## WHAT IS EXPECTED
In the material below, write out each line word for word and omit the pictures.

*** INPUT DATA Section Begins ***

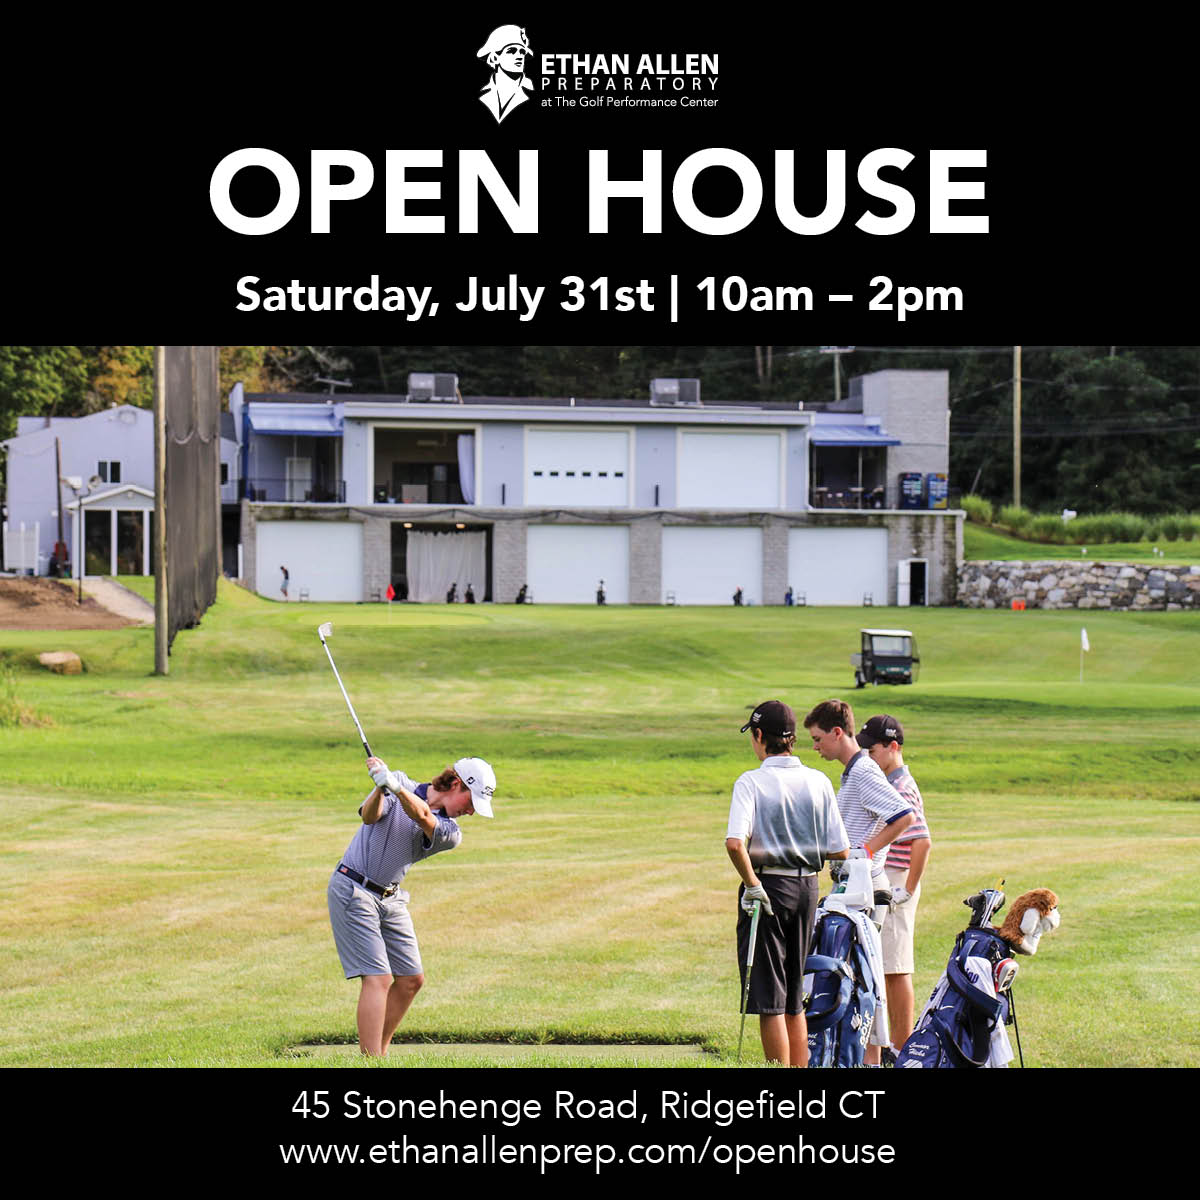 Ethan Allen Preparatory Open House on Saturday, July 31!
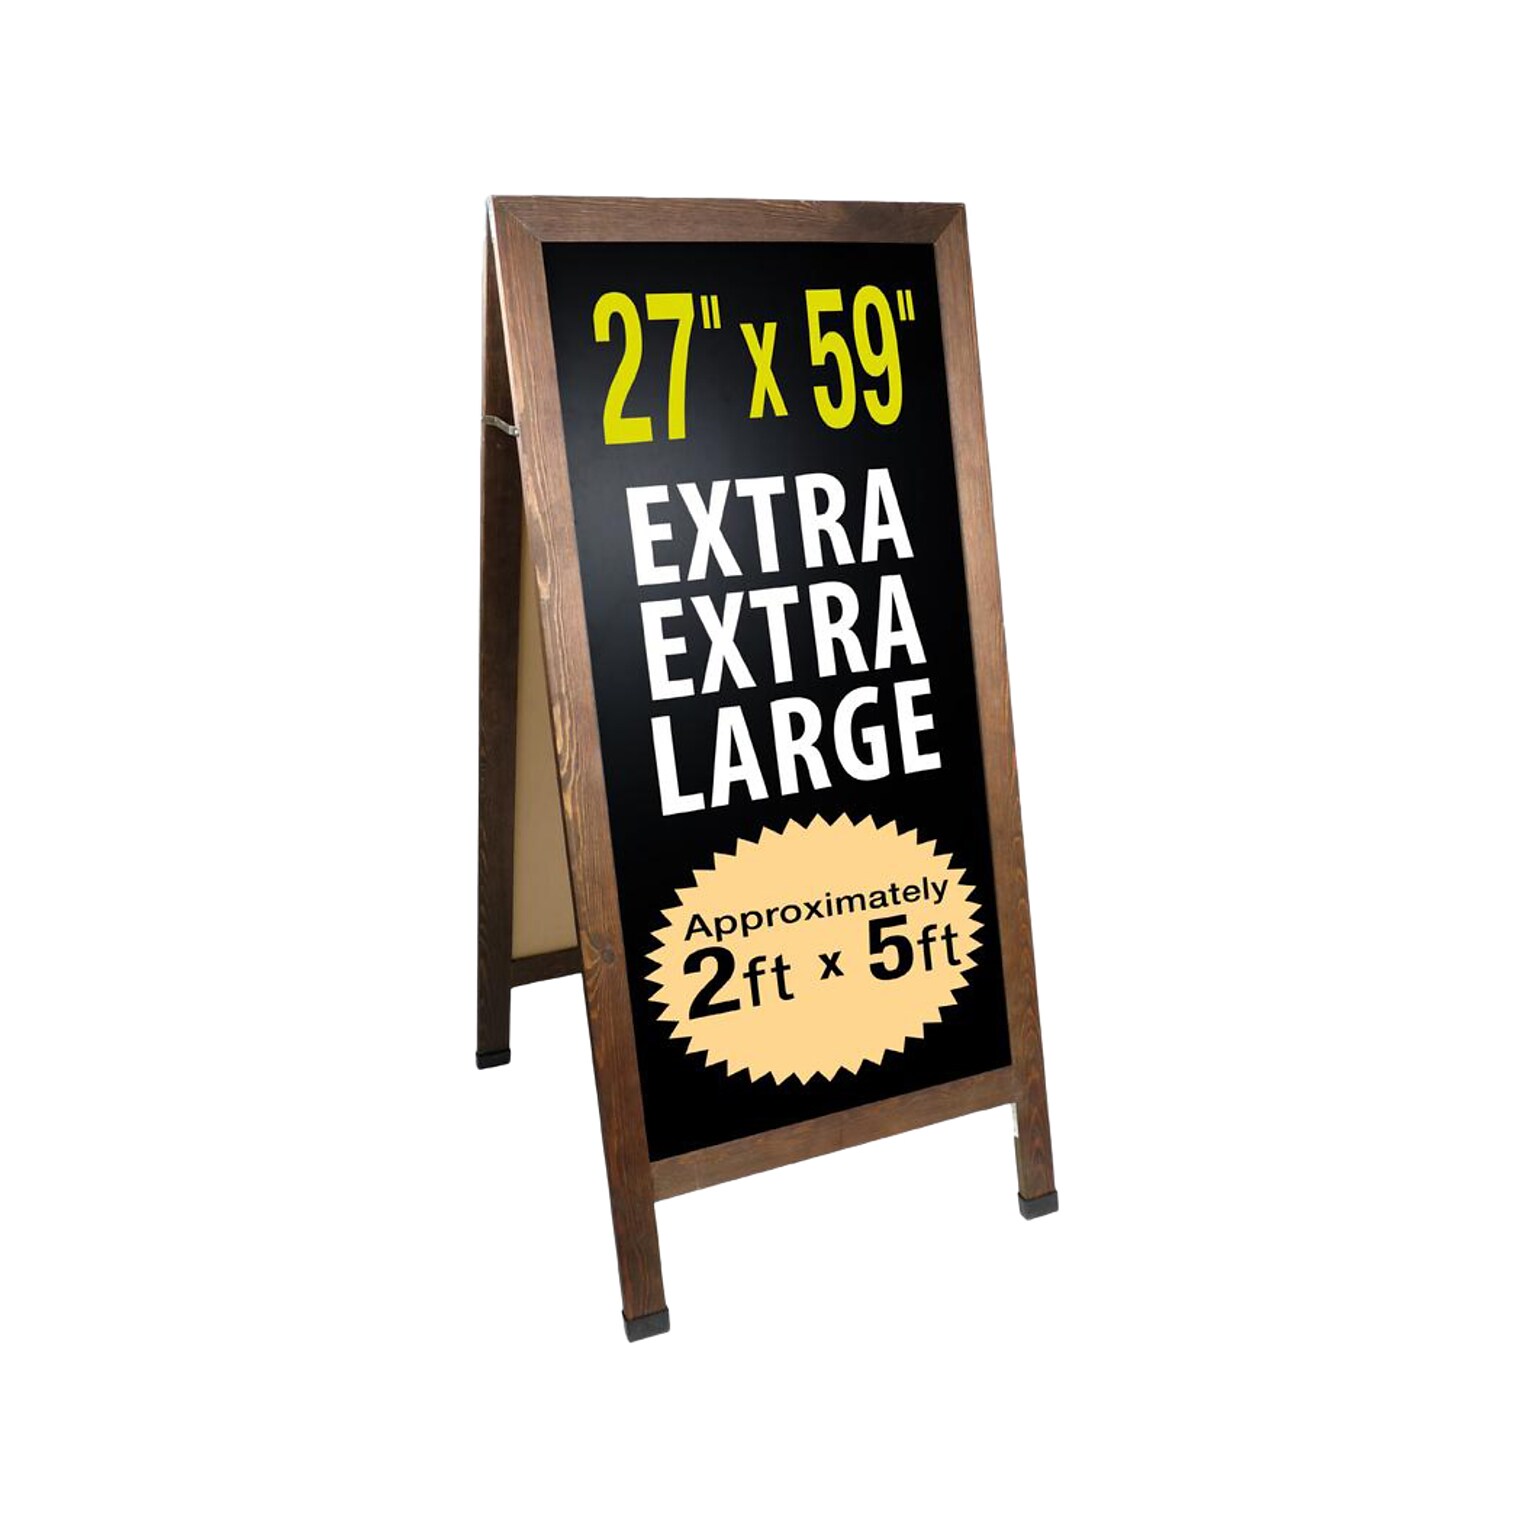 Excello Global Products Gigantic Sandwich Board Sidewalk Chalkboard Sign, Wood, 59 x 27 (EGP-HD-0240-OS)
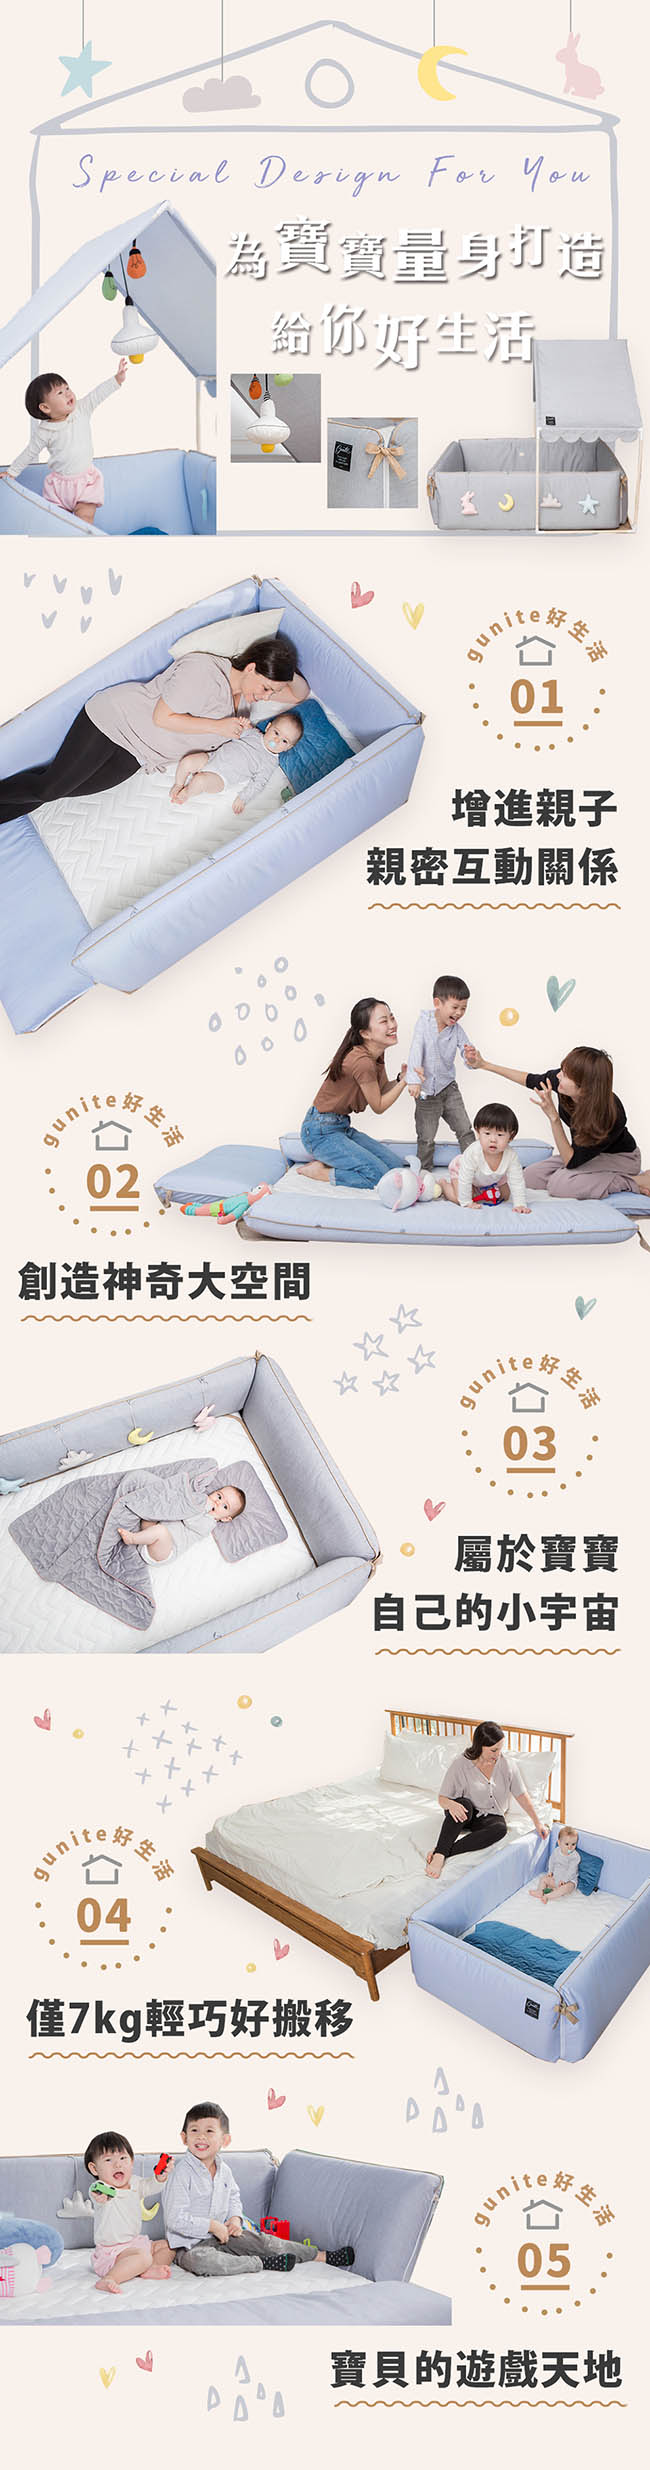 gunite 沙發嬰兒床-安撫陪睡式0-6歲(丹麥藍)
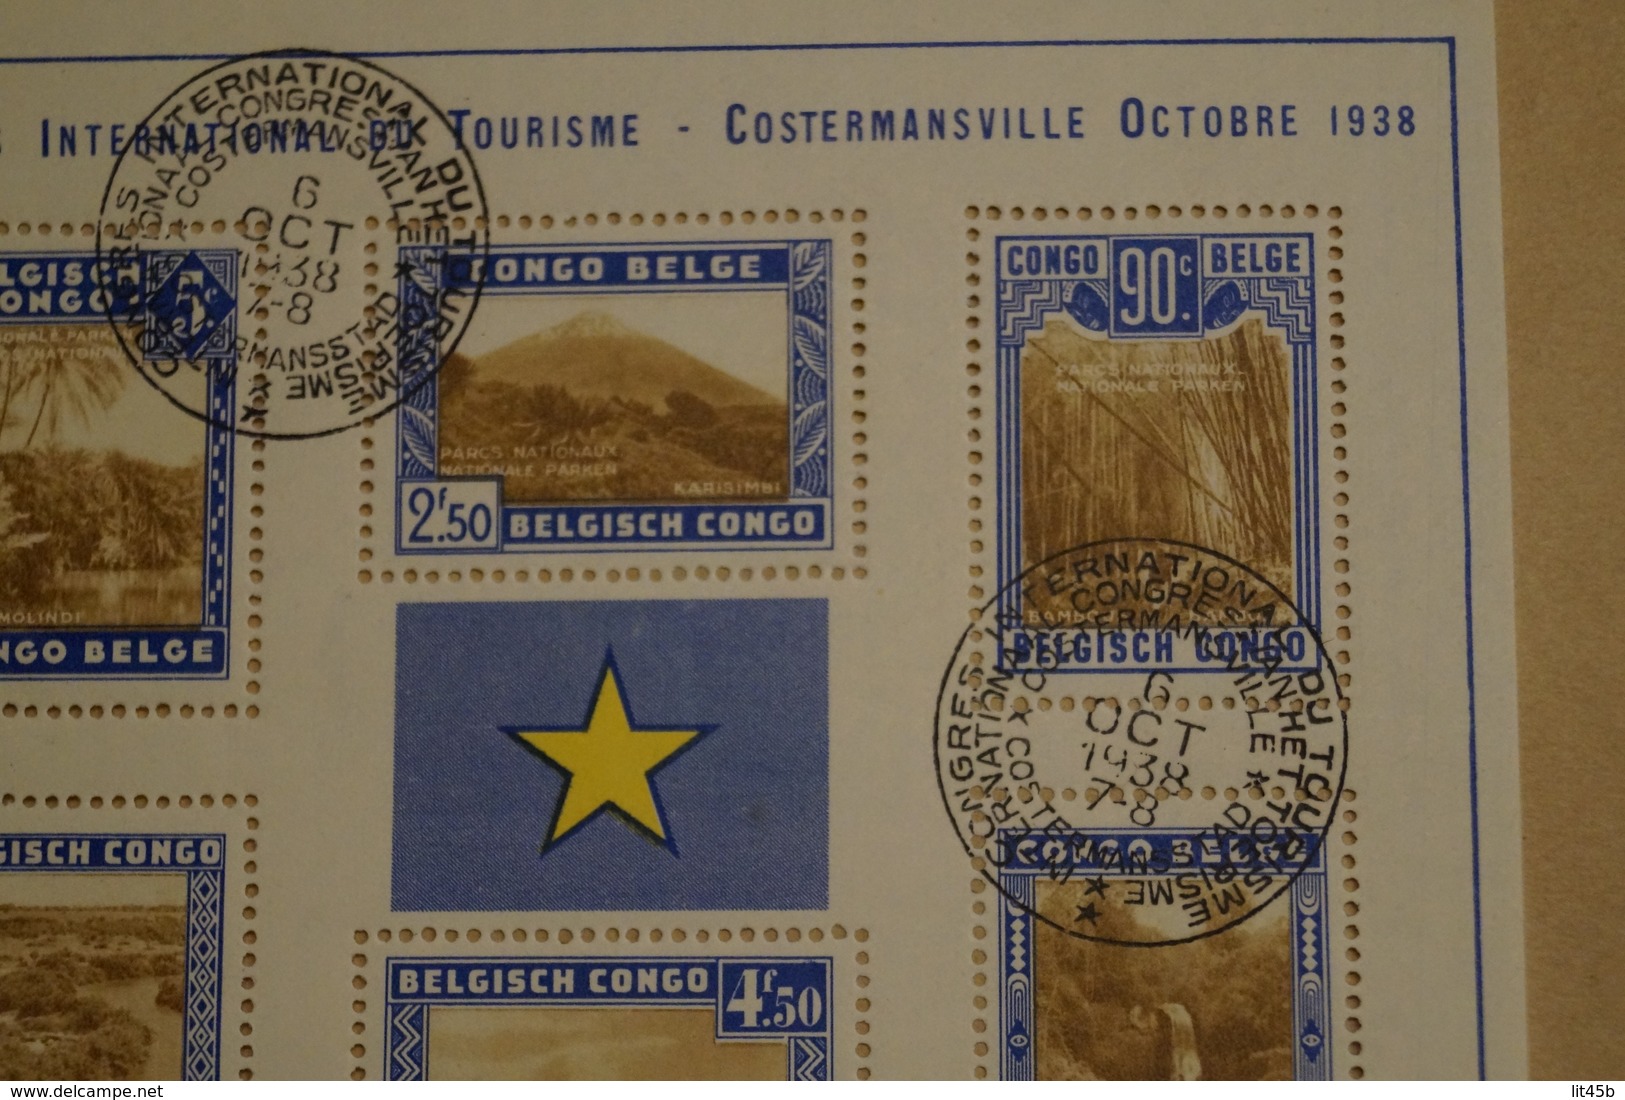 RARE Feuillet Congo Belge,octobre 1938,état Neuf Avec Gomme,Costermansville,collection - Neufs

*** INPUT DATA Section Ends ***

## YOUR SOLUTION
 Ethan Allen Preparatory Open House on Saturday, July 31!
 Excello Global Products Gigantic Sandwich Board Sidewalk Chalkboard Sign, Wood, 59 x 27 (EGP-HD-0240-OS)
 gunite 沙發嬰兒床-安撫陪睡式0-6歲(丹麥藍)
 RARE Feuillet Congo Belge,octobre 1938,état Neuf Avec Gomme,Costermansville,collection - Neufs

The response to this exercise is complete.